Output_2_Excel


In [1]:
import pandas as pd
#import openpyxl

In [2]:
df = pd.read_excel('../data/sampledfinput.xlsx', sheet_name='sampledata')
df2 = df

template_file = '../data/sampOutput.xlsx'


In [3]:
output_dict1 = {'var_name': df,
               'tab': 'first_page',
               'start_row': 7,
               'start_col': 1,
               'header': False,
               'index': False}

output_dict2 = {'var_name': df2,
               'tab': 'second_page',
               'start_row': 7,
               'start_col': 1,
               'header': True,
               'index': True}

output_dict = {'data_1': output_dict1,
              'data_2': output_dict2}


In [4]:
def multiple_dfs_to_xl(output_dict, template_file, header=False):
    '''
    Inputs
        output_dict - a dictionary comprised of dictionaries. The keys of the outter-most dictionary are the 
        
        The inner dictionaries are comprised of the following keys
        
            df - the dataframe that will be sent to excel
            template_file - the path and filename of the excel workbook template the dataframes will be written to
            output_tab - the tab in the output file to send the data to.
            start_row - the first row where the data will appear. NOTE: Python treats cell A1 as row zero.
            start_column - the first column where the data will appear. NOTE: Python treats cell A1 as row zero.
            header - if the header is True, it will send in the column names of the dataframe. 
                If header is false, no column names will be sent to the excel file.
                If header contains a list of strings, the list of strings will be an alias to the column names
            index - boolean variable that determines whether the index of the dataframe will be sent to excel.
    
    This function copies, renames (with a timestamp into the same directory) and opens the renamed copy of the workbook 
    template_file.   Then it reads in all of the sheets of the opened workbook and sends multiple
    dataframes to multiple tabs at specific locations on the the excel sheet. The location is determined by the start_row and
    start_column contained in the dictionaries.
        
    Python Modules to be imported for this to work
        pandas
        openpyxl
        '''
    import openpyxl
    import datetime
    import shutil
    
    # create a datestamp 
    x = datetime.datetime.now().strftime('%d''%b''%y''%H''%M''%S')
    
    #parse string with template name and concatenate with above timestamp
    prefix_index = template_file.rfind('/')+1
    prefix = template_file[:prefix_index]
    suffix_index = template_file.rfind('.')
    suffix = template_file[suffix_index:]
    fylename = template_file[prefix_index:suffix_index] + x
    new_copied_file_name = prefix + fylename + suffix
    
    #copy template and save with new concatenated name
    output_file = shutil.copy(template_file, new_copied_file_name) 
         
    #open workbook to write to, discover tabs in workbook
    book = openpyxl.load_workbook(output_file)
    writer = pd.ExcelWriter(output_file, engine = 'openpyxl')
    writer.book = book
    writer.sheets = dict((ws.title, ws) for ws in book.worksheets)
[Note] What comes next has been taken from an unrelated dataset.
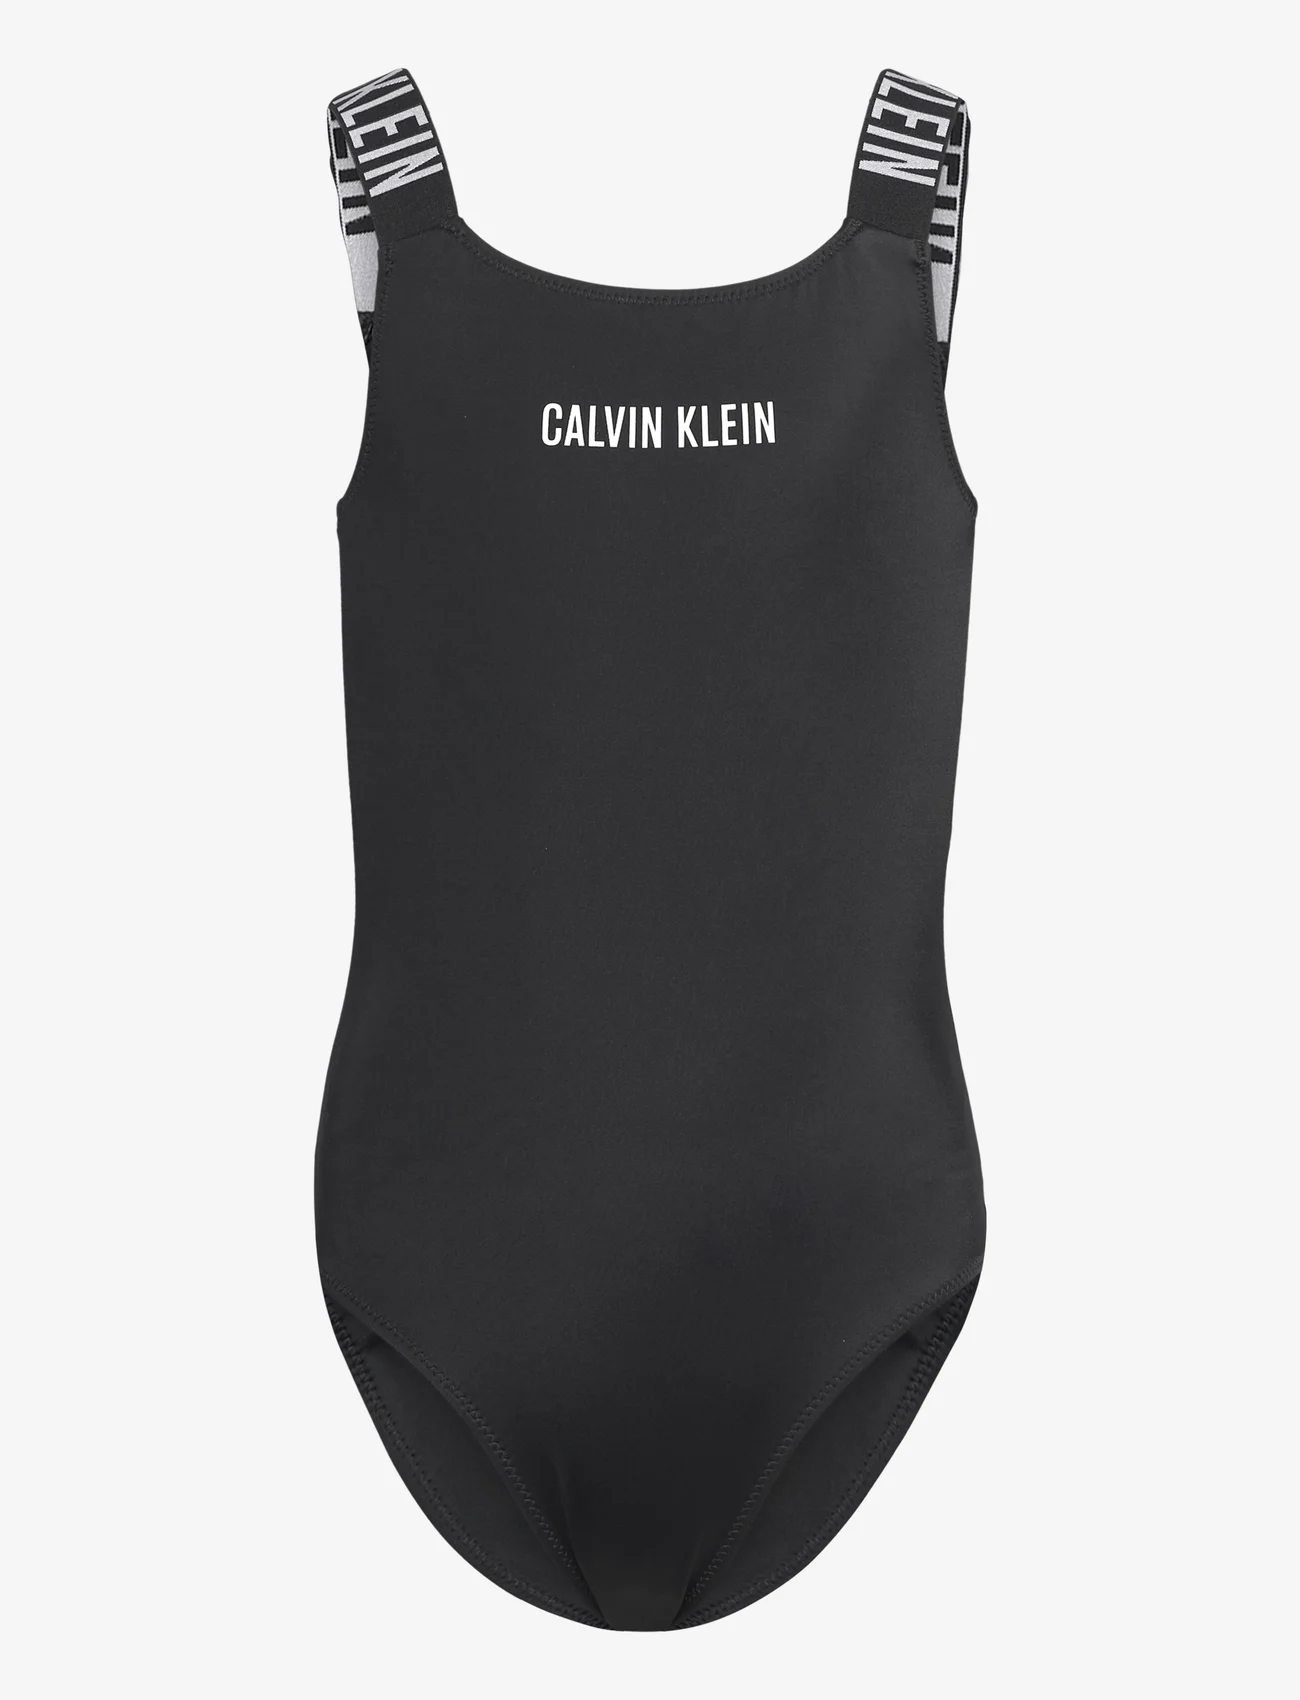 Descubrir 46+ imagen swimsuits calvin klein - Thptnganamst.edu.vn

    #iterate through dictionary and output dataframes to worksheets
    for key in output_dict.keys():

        output_dict[key]['var_name'].to_excel(writer, 
                                              sheet_name = output_dict[key]['tab'], 
                                              startrow = output_dict[key]['start_row'], 
                                              startcol = output_dict[key]['start_col'], 
                                              header = output_dict[key]['header'], 
                                              index=False)

    writer.save()
    writer.close()
    print('DataFrame is written successfully to Excel File.')
    return None

In [5]:
template_file = template_file
multiple_dfs_to_xl(output_dict, template_file)

DataFrame is written successfully to Excel File.


In [None]:

def df_to_xl(df, output_file, output_tab, start_row=0, start_column=0, header=False):
    '''
    Inputs
        df - the dataframe that will be sent to excel
        output_file - the path and filename of the output file
        output_tab - the tab in the output file to send the data to.
        start_row - the first row where the data will appear. NOTE: Python treats cell A1 as row zero.
        start_column - the first column where the data will appear. NOTE: Python treats cell A1 as row zero.
        header - if the header is True, it will send in the column names of the dataframe. 
                If header is false, no column names will be sent to the excel file.
                If header contains a list of strings, the list of strings will be an alias to the column names
    
    This function opens the workbook output_file, reads in all of the sheets to that file and sends
    the dataframe df to a location on the output_tab sheet. The location is determined by the start_row and
    start_column sent to the function.
        
    Python Modules to be imported for this to work
        pandas
        openpyxl
    '''
    
    book = openpyxl.load_workbook(output_file)

    writer = pd.ExcelWriter(output_file, engine = 'openpyxl')
    writer.book = book
    writer.sheets = dict((ws.title, ws) for ws in book.worksheets)

    df.to_excel(writer, 
                sheet_name=output_tab, 
                startrow = start_row, 
                startcol = start_col, 
                header = header, 
                index=False)

    writer.save()

    writer.close()

    print('DataFrame is written successfully to Excel File.')
    
    return None


In [None]:
#df_to_xl(df, path, output_tab, start_row, start_col)